AI/ML will transform all businesses functions of AEC from technical tasks and administrative functions to accounting, finance and marketing. Multitudes of robots will work in the field in construction with certainty. This is why Dr. Andrew Ng, cofounder of Google Brain, says, “AI is the New Electricity.” It seems we have found our new utility: The power of artificial intelligence is in our hands. It is paramount that all AEC firms begin to leverage AI because it now has the capacity to automate routine tasks and is already transforming how knowledge is shared. 

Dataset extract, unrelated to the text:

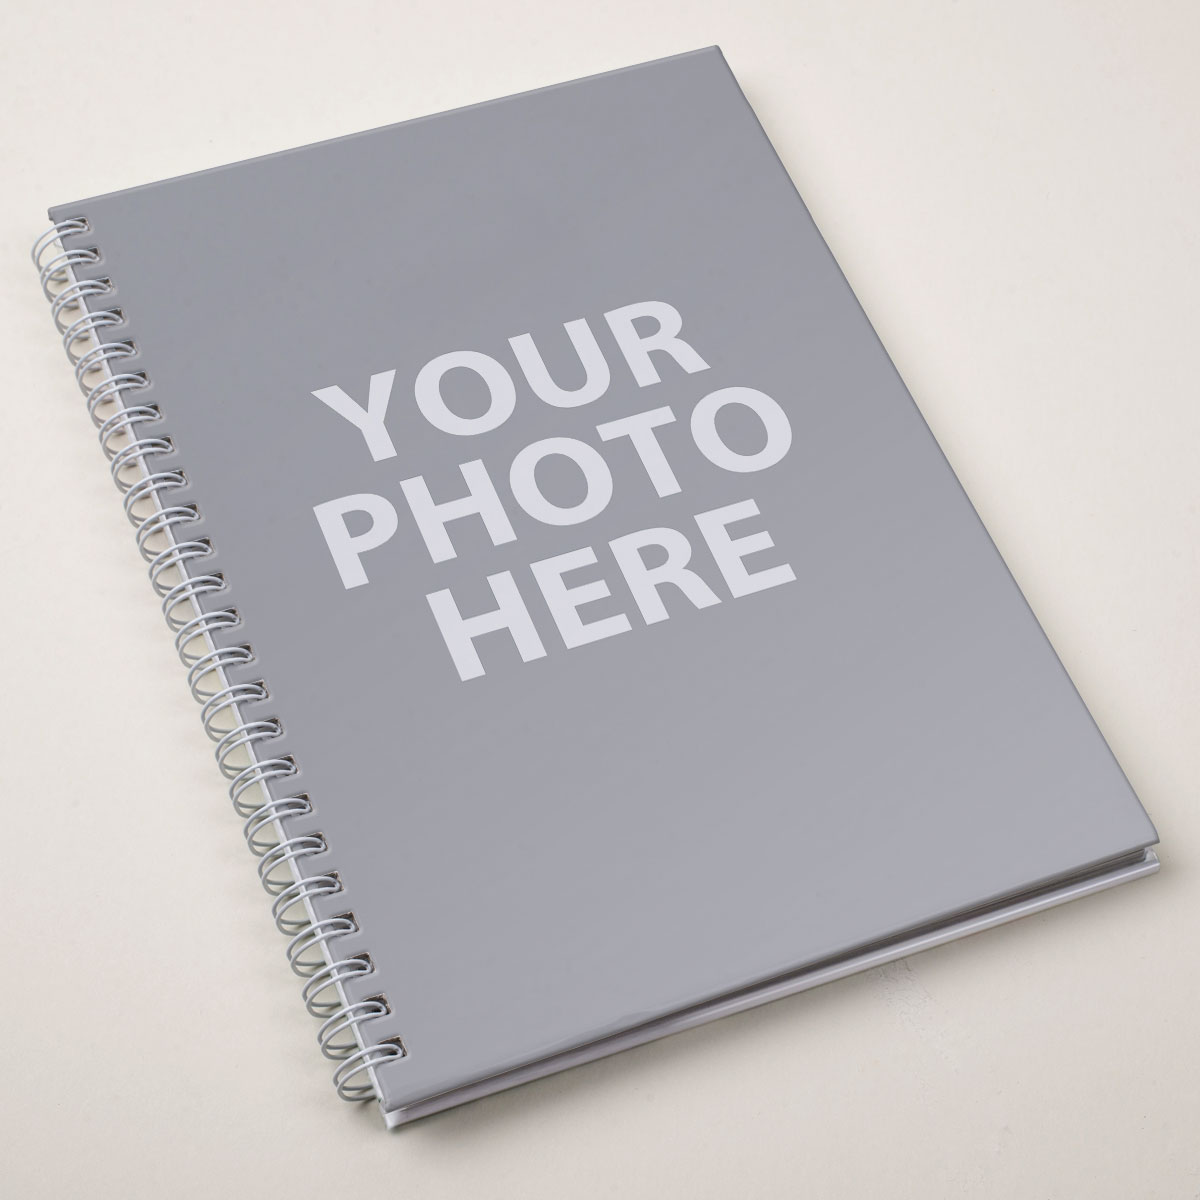 Create Your Own Photo Upload Notebook - Portrait Photograph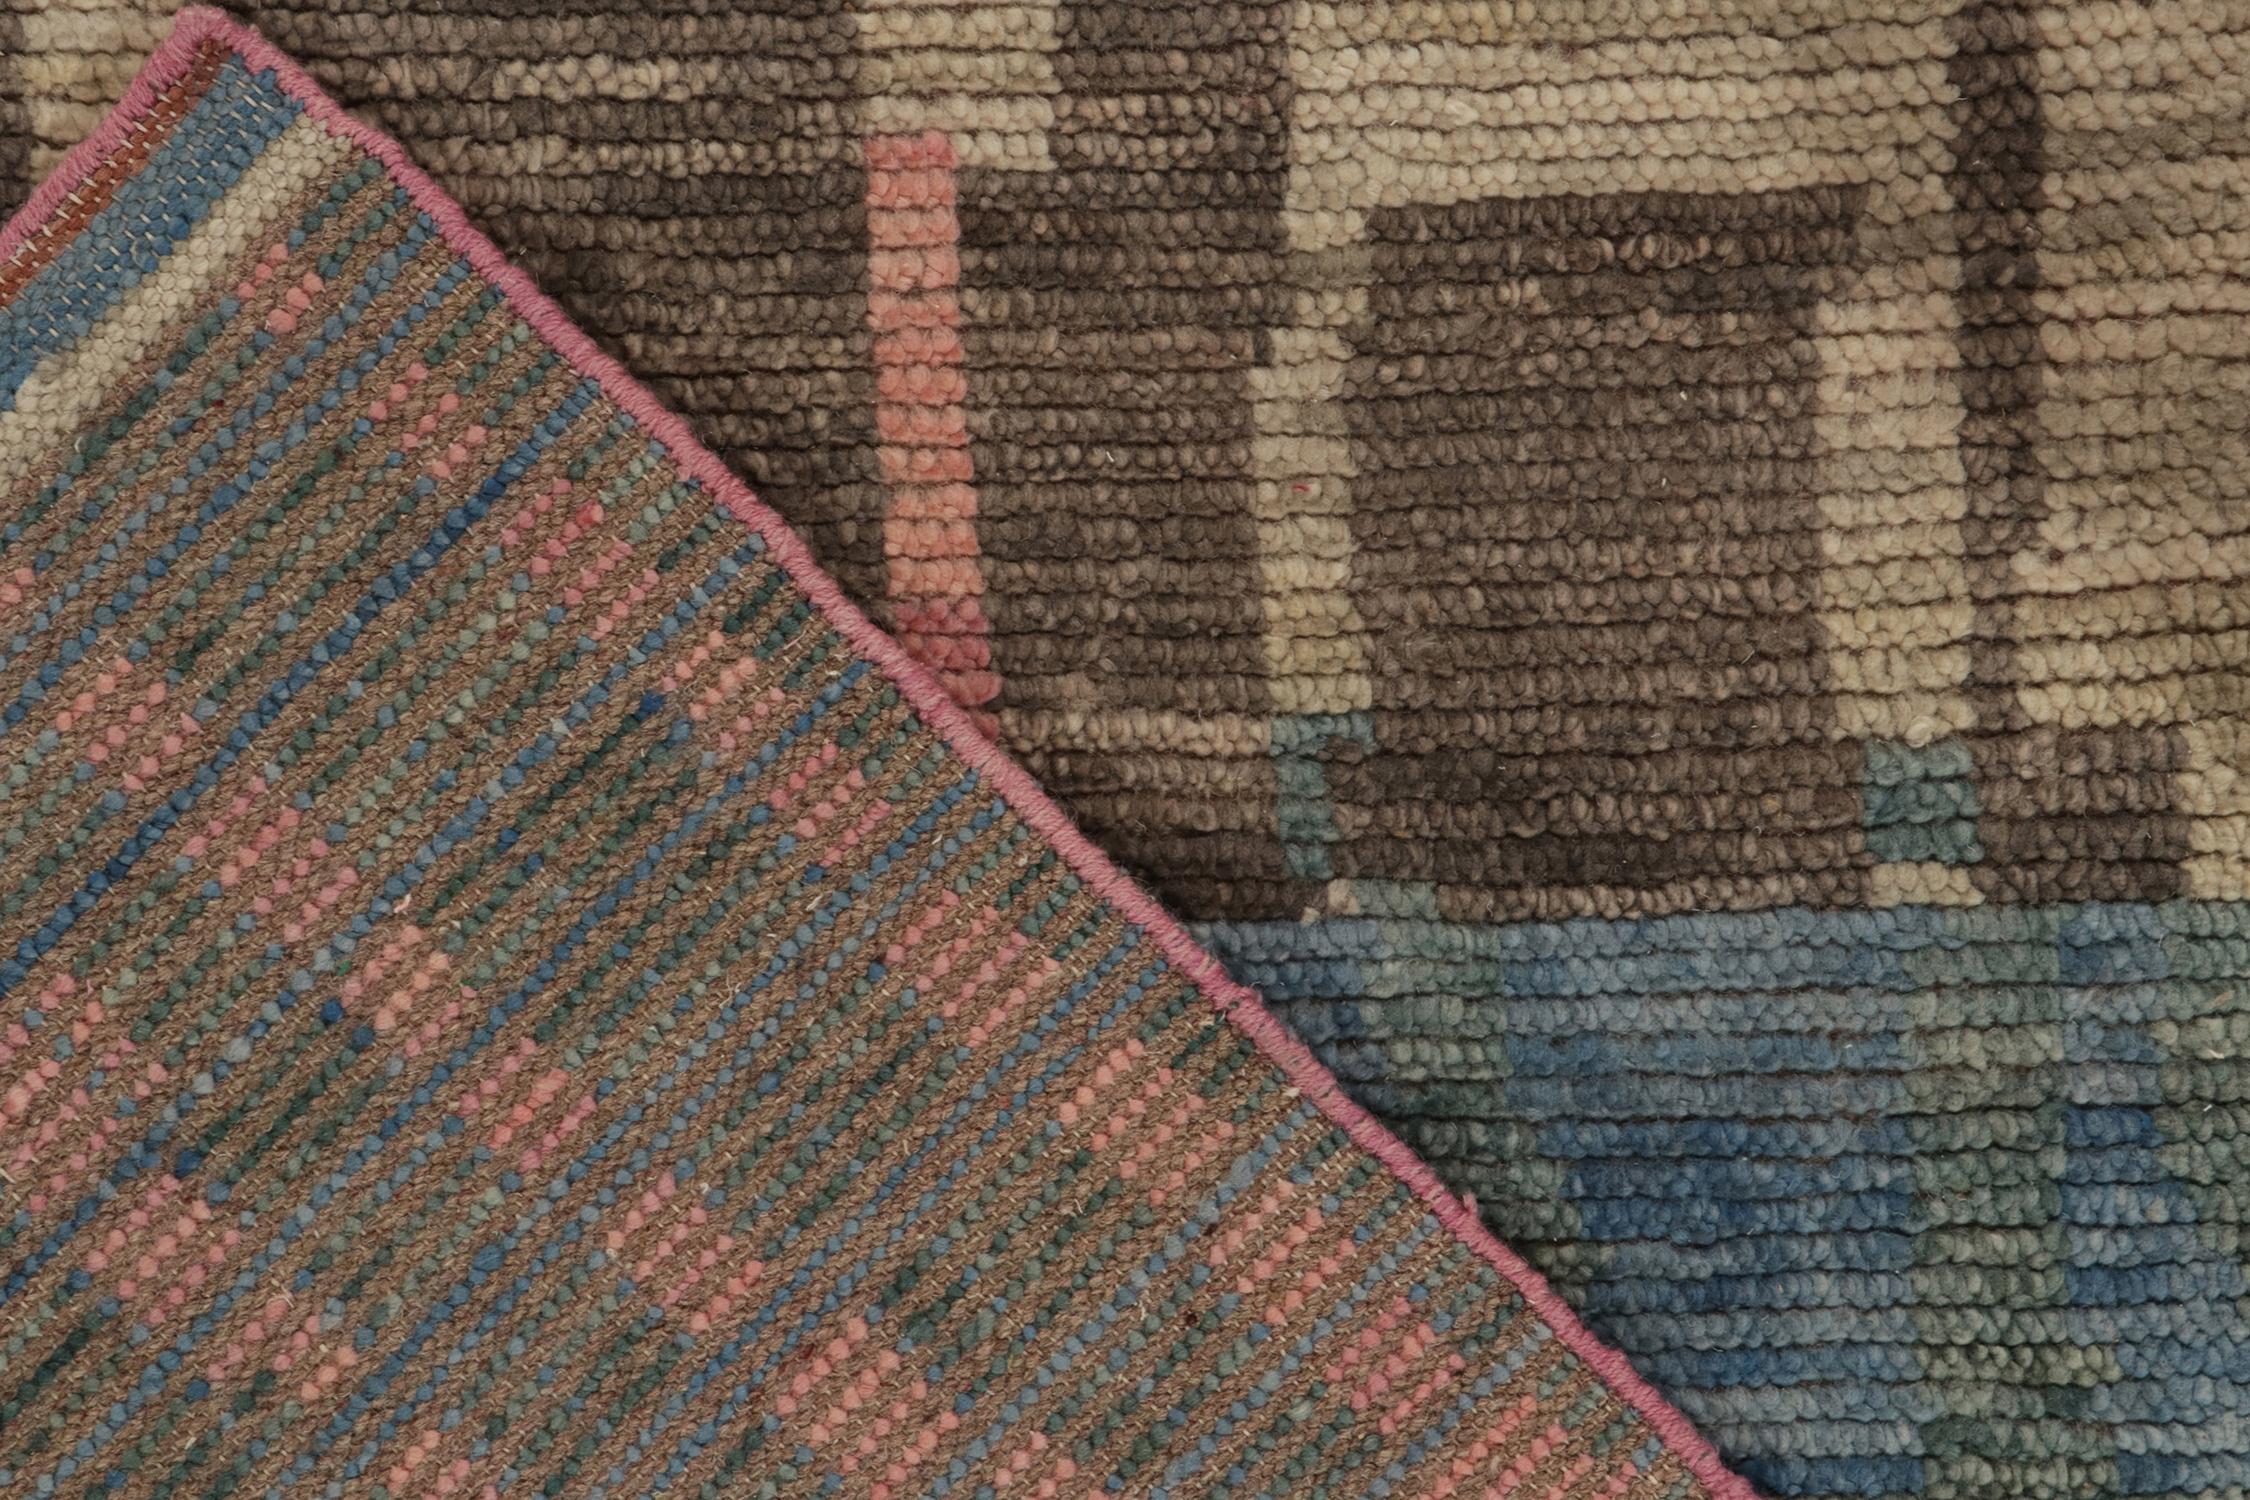 Contemporary Rug & Kilim’s Moroccan Style Rug in Pink, Blue & Beige-Brown Geometric Patterns For Sale

In the future, firms that leverage AI will reap significant gains in bottom-line performance and will discover new business lines that will grow their firms and ensure they are lasting and resilient for generations to come.



Footnotes:

1 “MLOps,” Databricks, https://www.databricks.com/glossary/mlops (accessed June 12, 2024).
2 IBM.com

Robert K. Otani, PE, is chief technology officer at Thornton Tomasetti, Inc., a 1700+ person, multidisciplinary engineering and applied science firm, and founded the CORE studio, a digital design, application development, AI and R&D group at his firm. He has 30 years of structural design experience involving commercial, infrastructure, institutional, cultural and residential structures on projects totaling over $3 billion USD of construction and has led numerous software applications, including Konstru, Design Explorer, Beacon and Asterisk, the first ML-powered structural engineering application in the industry.